10.2. 基于kNN的手写数据OCR¶
10.2.1. 目标¶
10.2.2. 手写数字的OCR¶
我们的目标是构建一个可以读取手写数字的应用程序。为此,我们需要一些列车数据和测试数据。OpenCV附带一个图像 \(digits.png\) (在文件夹中 opencv/samples/python2/data/
>>> import numpy as np
>>> import cv2 as cv
>>> from matplotlib import pyplot as plt
>>> img = cv.imread('/cvdata/digits.png')
>>> gray = cv.cvtColor(img,cv.COLOR_BGR2GRAY)
>>> # Now we split the image to 5000 cells, each 20x20 size
>>> cells = [np.hsplit(row,100) for row in np.vsplit(gray,50)]
>>> # Make it into a Numpy array. It size will be (50,100,20,20)
>>> x = np.array(cells)
>>> # Now we prepare train_data and test_data.
>>> train = x[:,:50].reshape(-1,400).astype(np.float32) # Size = (2500,400)
>>> test = x[:,50:100].reshape(-1,400).astype(np.float32) # Size = (2500,400)
>>> # Create labels for train and test data
>>> k = np.arange(10)
>>> train_labels = np.repeat(k,250)[:,np.newaxis]
>>> test_labels = train_labels.copy()
>>> # Initiate kNN, train the data, then test it with test data for k=1
>>> knn = cv.ml.KNearest_create()
>>> knn.train(train, cv.ml.ROW_SAMPLE, train_labels)
>>> ret,result,neighbours,dist = knn.findNearest(test,k=5)
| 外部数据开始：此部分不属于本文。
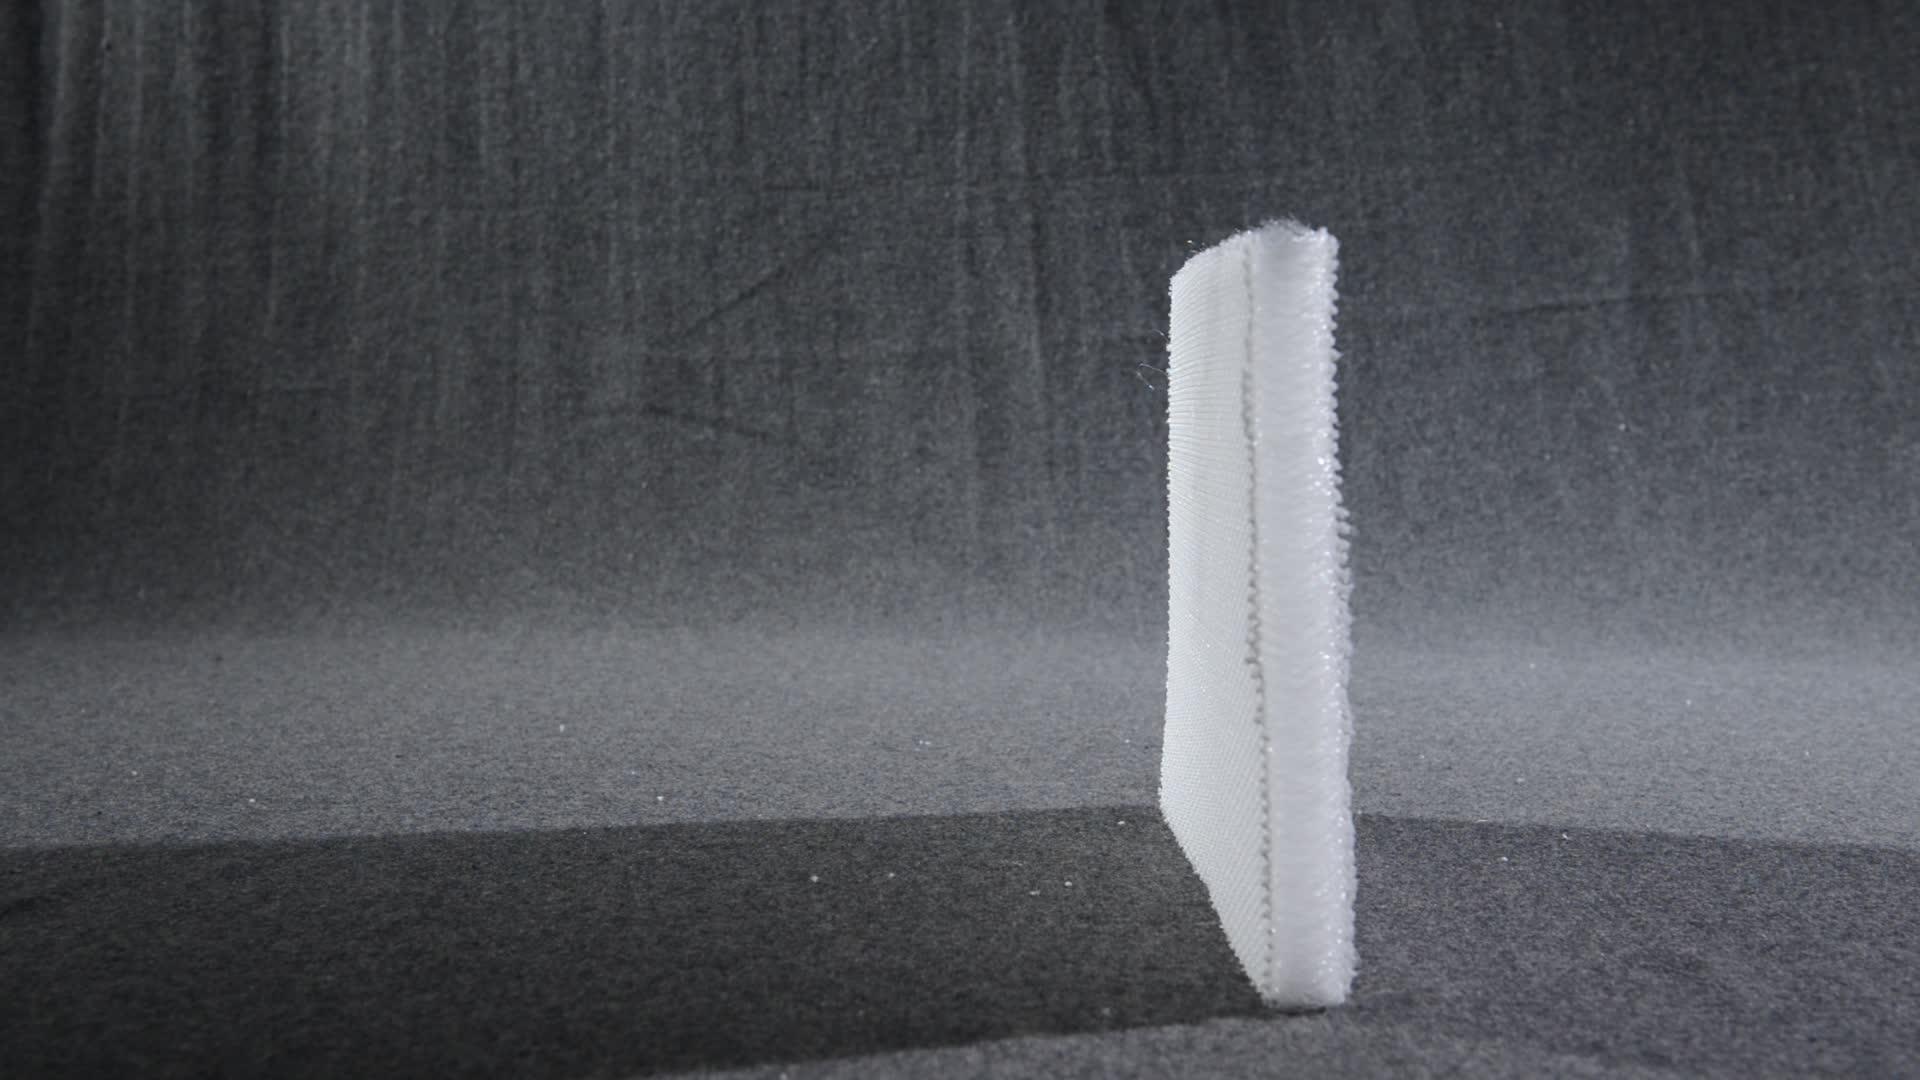 エコテックス認証洗える 3D エアメッシュ生地ベビーカーライナーベビーカークッション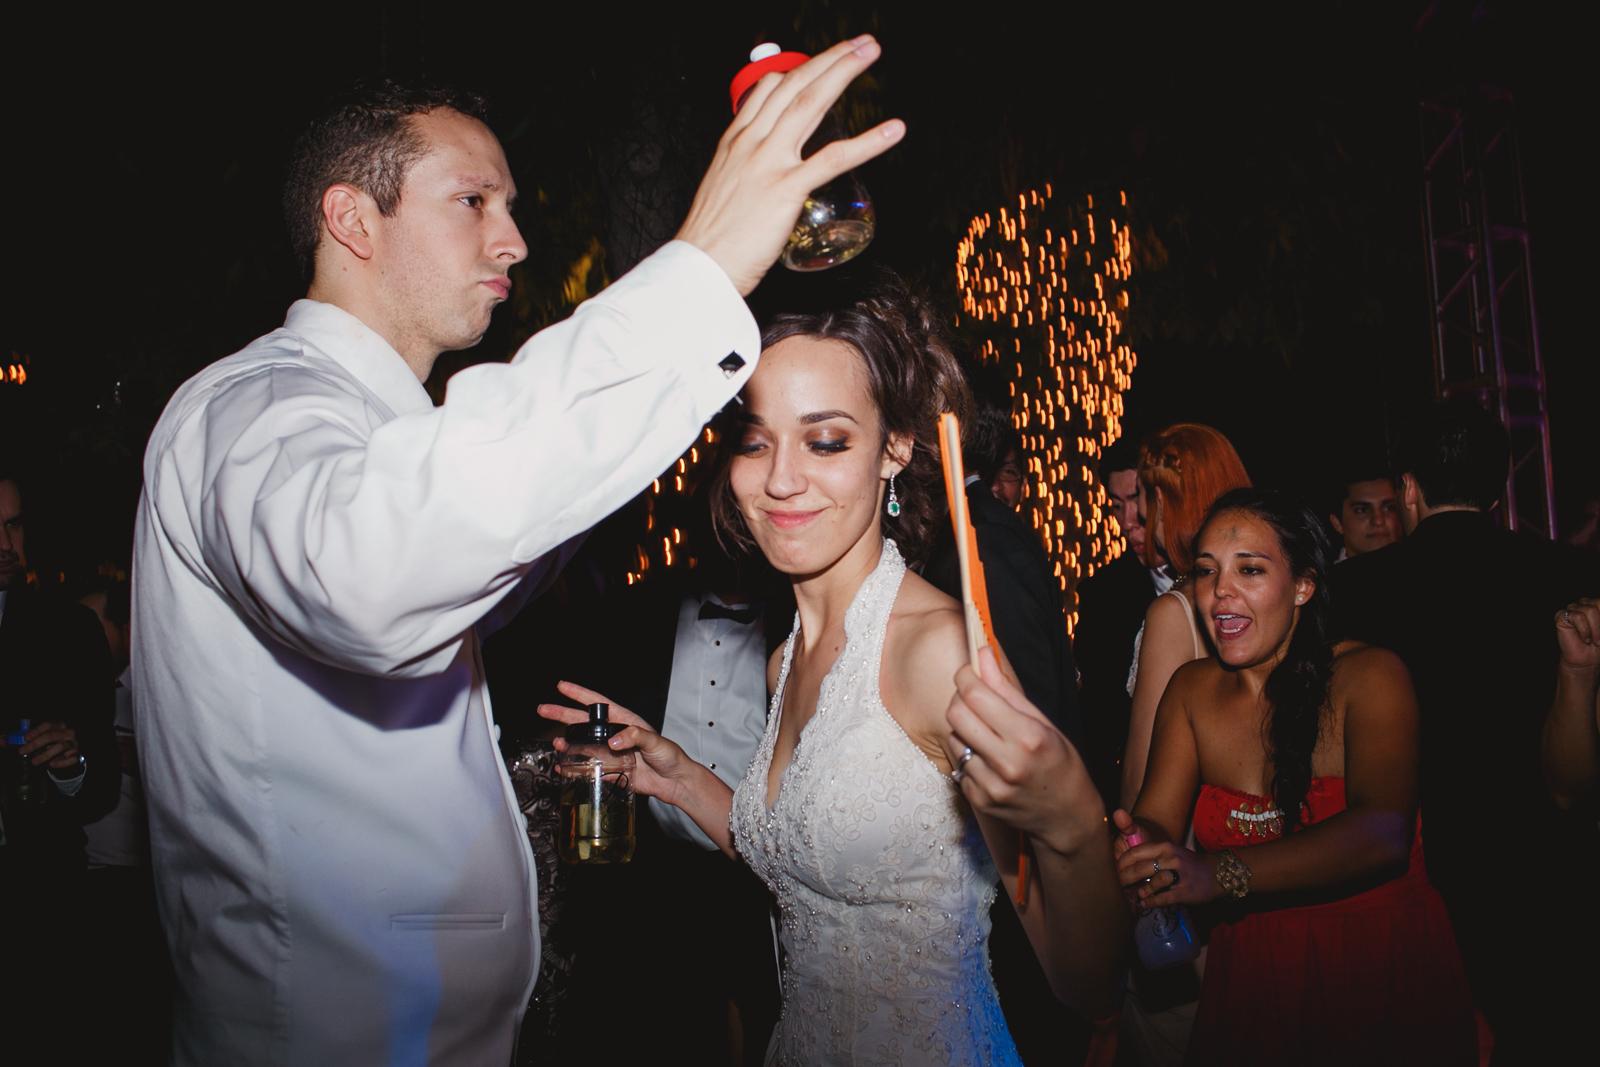 armando-aragon-fotografo-de-bodas-050

>>> # Now we check the accuracy of classification
>>> # For that, compare the result with test_labels and check which are wrong
>>> matches = result==test_labels
>>> correct = np.count_nonzero(matches)
>>> accuracy = correct*100.0/result.size
>>> print( accuracy )
>>> # save the data
>>> np.savez('knn_data.npz',train=train, train_labels=train_labels)
>>> # Now load the data
>>> with np.load('knn_data.npz') as data:
>>> print( data.files )
>>> train = data['train']
>>> train_labels = data['train_labels']
['train', 'train_labels']
10.2.3. 英文字母OCR¶
接下来,我们将对英文字母表做同样的操作,但数据和功能集略有变化。在这里,OpenCV提供的不是图像而是一个数据文件, letter-recognition.data
in opencv/samples/cpp/
folder. If you open it, you will see 20000 lines which may, on first sight, look like garbage. Actually, in each row, first column is an alphabet which is our label. Next 16 numbers following it are its different features. These features are obtained from UCI Machine Learning Repository . 您可以在中找到这些功能的详细信息 this page .
>>> import cv2 as cv
>>> import numpy as np
>>> # Load the data, converters convert the letter to a number
>>> data= np.loadtxt('/cvdata/letter-recognition.data',
>>> dtype= 'float32',
>>> delimiter = ',',
>>> converters= {0: lambda ch: ord(ch)-ord('A')})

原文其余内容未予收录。